Communicating the Message
Last updated on 2023-12-18 | Edit this page
Overview
Questions
- What are the important aspects of a dataset you want to communicate?
- What is the best visualization type for a particular dataset?
Objectives
- Identify what message would like to communicate about a dataset.
- Identify how to best communicate the message with appropriate visuals.
- Generate graphs based on your decisions using software.
Introduction
This chapter will use the knowledge you have gained and apply it to generate graphs using software tools. What you should know:
- There are a multitude of software tools that can help generate charts for you.
- All software tools have the strengths and weaknesses. There is no best tool for all tasks or all users.
- For this lessen we will be using Google Sheets. For our purposes
this tool has some important advantages.
- The software is freely available online.
- The software works similarly regardless of the user’s operating system
- The software is interacted primarily through a graphical interface that can make it more intuitive to new users.
Importing your Data
We need to import our canid data into Google Sheets. Our data is currently stored as tab separated values, otherwise known as a tsv file. This is a simple text file. Each line of the file represents a new line in a table. The values in each column of the table appear in sequence separated by a tab character. Generally tsv tables have the limitation that you can’t store any values in a table that also has a tab character. If you haven’t already, go ahead and download the canid data now.
To import this into Google Sheets you first need to go to the [website] (https://docs.google.com/spreadsheets/). It will prompt you to log into a Google account. You will need to use a Google account to use Google Sheets, but if you do not have one, they are free Google Account Sign-up.
While there you will want to create a new blank spreadsheet.
Then navigate to the File
menu and select
Import
.
Select the Upload
tab on the new window. Here you can
drag and drop you canids.tsv onto the window. You can also click
‘Browse’ if you prefer to navigate to your file.
Tab separated files are well supported on Google Sheets, and the
default import options should be fine. If your have issues you could try
setting the selector type to Tab
.
Your data should now be imported and visible in a new sheet.
Activity 1
Examine your dataset. Does it appear to be clean and tidy?

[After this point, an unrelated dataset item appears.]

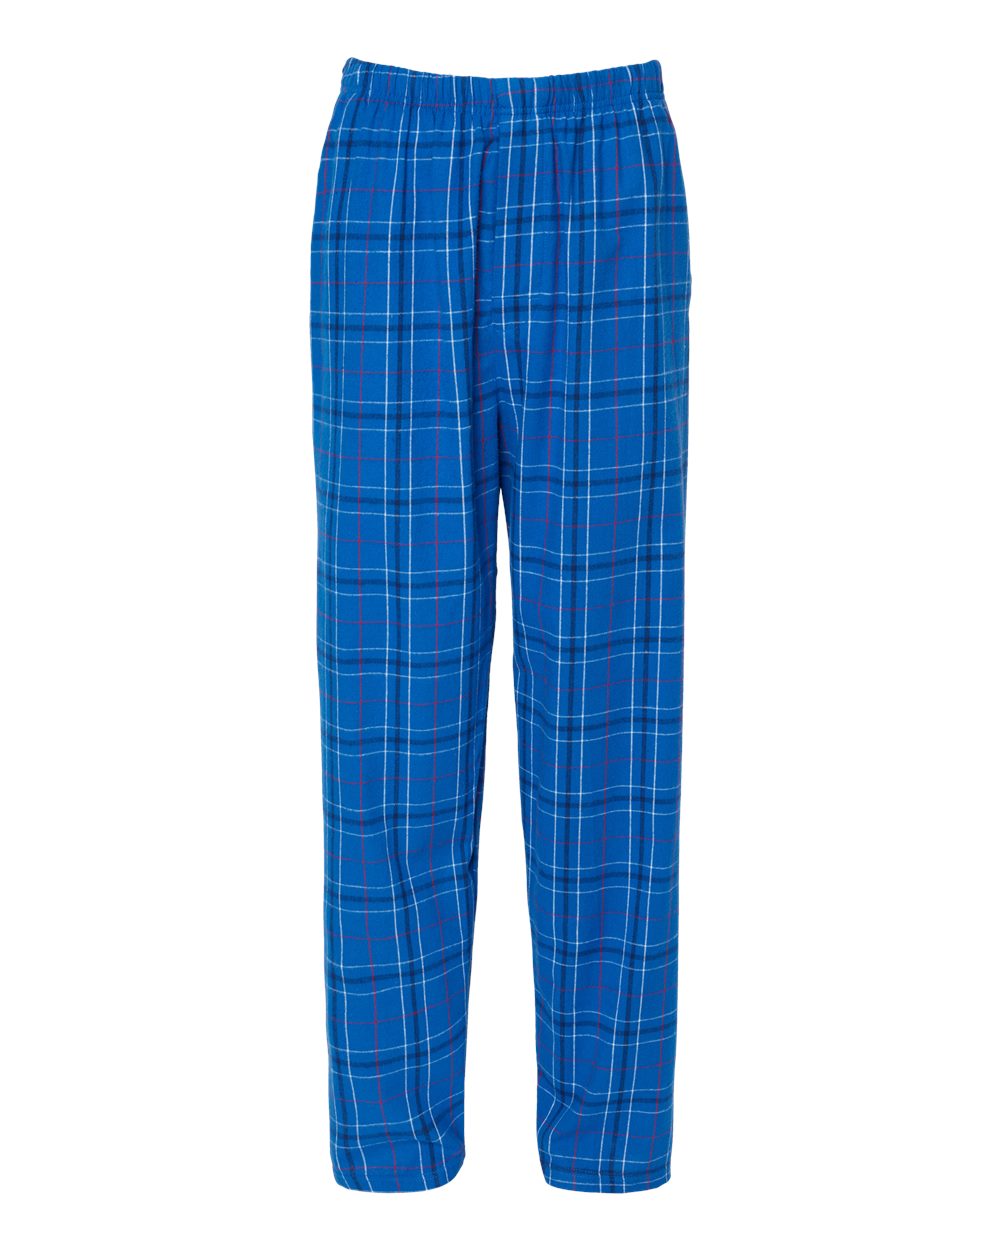 Boxercraft Unisex Flannel Pants Royal Field Day Flannel Pants with Custom Text

Remember clean data has no: - White spaces before or after data in each cell - Outliers, nulls, missing data, or empty cells - Formatting, such as color coding, bold, or italicized text
Also, tidy data is organized so that: - Columns are for variables - Rows are for observations - One value per cell
Lets Make a Chart
For our first chart let’s show the relationship of the counts of coyotes over time. We need to pick our first data series. This will become our y-axis data. Let’s pick the count of coyotes so we can compare the coyote counts over time. We can start by selecting Column B in the spreadsheet.

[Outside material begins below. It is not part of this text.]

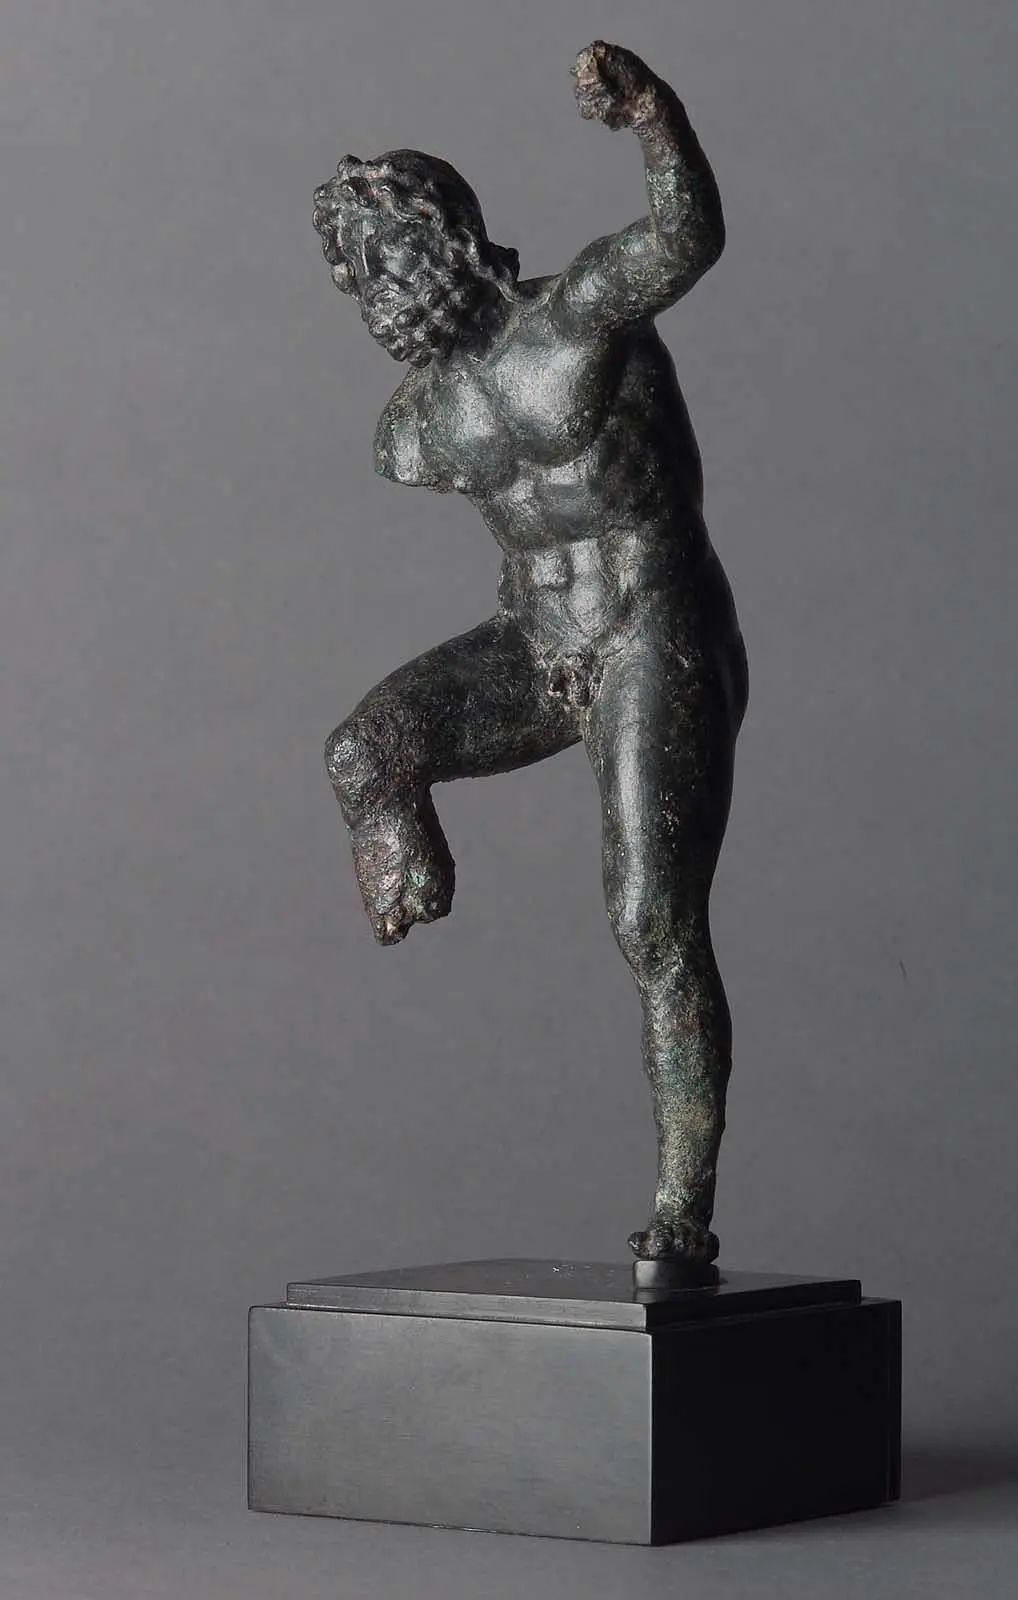 Poseidon, Greek or Roman, Late Hellenistic or Imperial Period, about 100 B.C.–A.D. 180, Bronze

Our next step is to turn the data we selected into a chart. Using the
Insert
menu, select Insert Chart
.
The Insert Chart
command will result in a default chart
which might or might not communicate anything useful to us.
There are a few steps we need to do to get a chart that better shows our data. With the Chart Editor open, we can select the type of chart we want, such as a line graph.
We can add X-axis values. .
Once the Select data range menu is open, you can click the top of the column named Year in your table to set Year as our data for the X-axis.
Something doesn’t look right. Our line chart seems to be jumping back and forth at each year.
If you look at the table you will notice that for every year value we
have multiple rows. By default the chart is plotting every row as an
independent point, so we have multiple points at every year. Is that
really what we want to show? It might be better to show some aggregate
value for each year. That would mean a simpler chart and a simpler
message. Click the Aggregate
checkbox for the X-axis.
That looks better, but can you see another issue? Look closely.
Our years are not in order! The years are plotted in the order they
appeared on our table. One simple way to solve this is to reorder our
table. There are a few different tools you can use, but creating a
filter for you table has a few advantages. First it automatically sets
your first row as headings, this means when you sort your table the
headings always stay at the top. Secondly we can order the table on the
fly by simply clicking on a heading. To set this up select the entire
table first. This can either be done using the keyboard shortcut of
ctrl-a
or by clicking on the upper leftmost square in your
table This is the rectange above the row 1
label and to the
left of the column A
label. Next select the
Create a Filter
entry in Data
menu.
You should now see downward facing triangles on each column heading.
Click on the icons next to the year column and then select the Select
the column year. Now from the Data
menu select
Sort sheet -> Sort sheet by column F (A-Z)
.
Now that our data is sorted our chart should show our data in chronological order.
Key Points
- Identify if you are communicating a comparison, distribution, composition, relationship.
- Use the chart chooser a good chart for your particular dataset.
- Choose the tool you will be using to generate your chart
- Import your data making sure your data is “clean” and “tidy”.